***** Material for this task *****
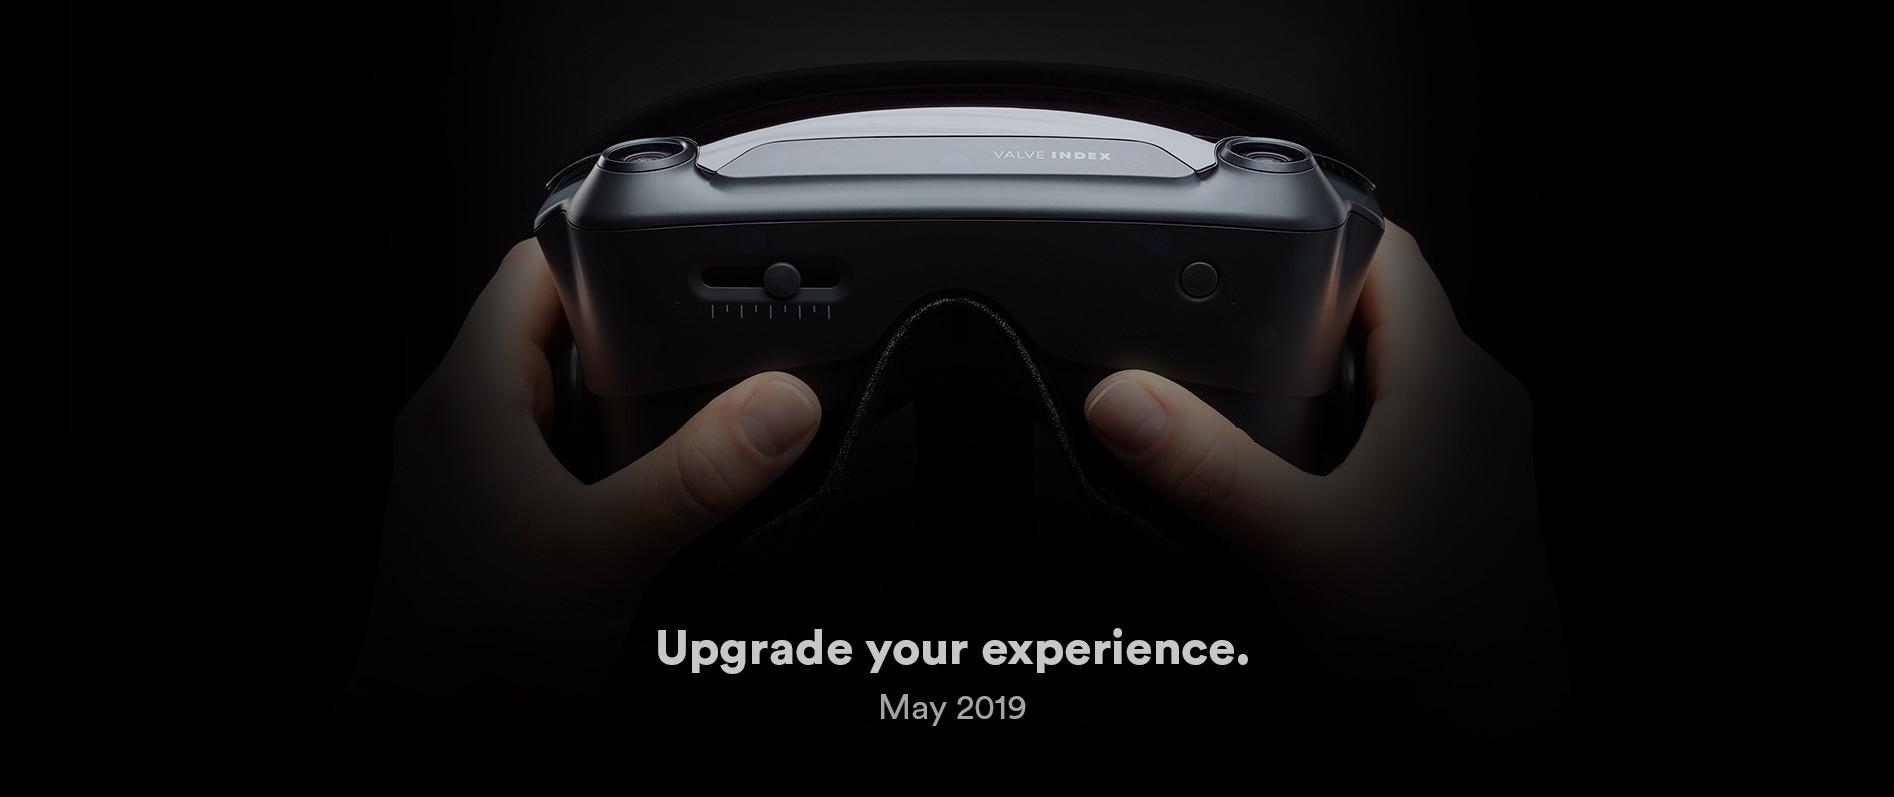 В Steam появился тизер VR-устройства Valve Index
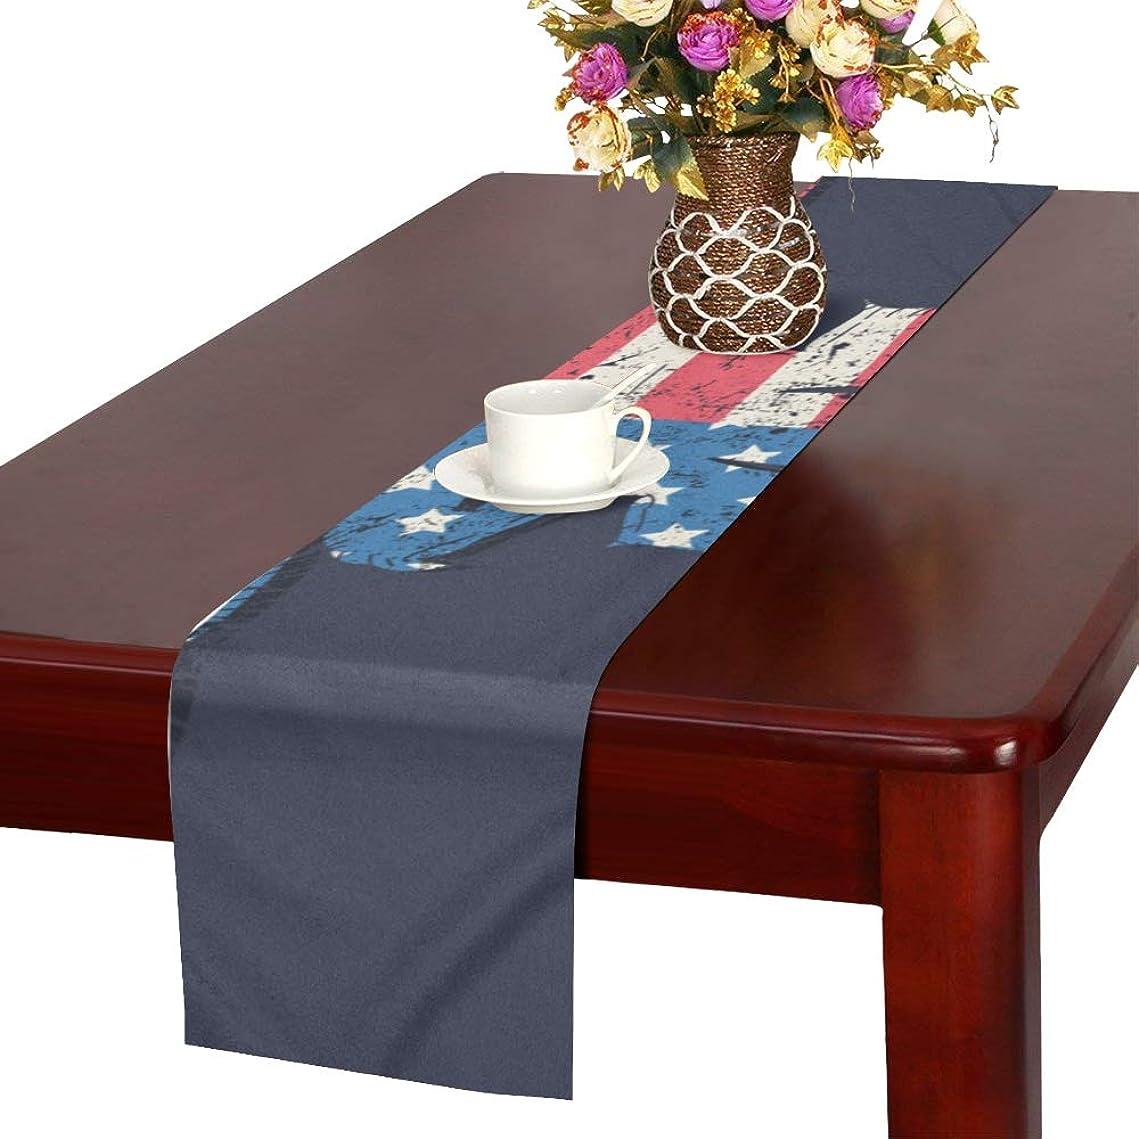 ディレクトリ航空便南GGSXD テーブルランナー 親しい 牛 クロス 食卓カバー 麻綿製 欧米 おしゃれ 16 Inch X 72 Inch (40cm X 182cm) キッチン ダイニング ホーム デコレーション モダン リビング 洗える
*****
***** Material for this task *****
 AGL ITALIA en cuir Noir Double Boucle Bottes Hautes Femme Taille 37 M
*****
◆ Task directions
The stretch to restate runs from the line above containing "В Steam появился" through the line containing "ディレクトリ航空便南GGSXD テーブルランナー 親しい". Copy it word for word, ends included, without pictures.

◆ Reply to the exercise
 В Steam появился тизер VR-устройства Valve Index
 ディレクトリ航空便南GGSXD テーブルランナー 親しい 牛 クロス 食卓カバー 麻綿製 欧米 おしゃれ 16 Inch X 72 Inch (40cm X 182cm) キッチン ダイニング ホーム デコレーション モダン リビング 洗える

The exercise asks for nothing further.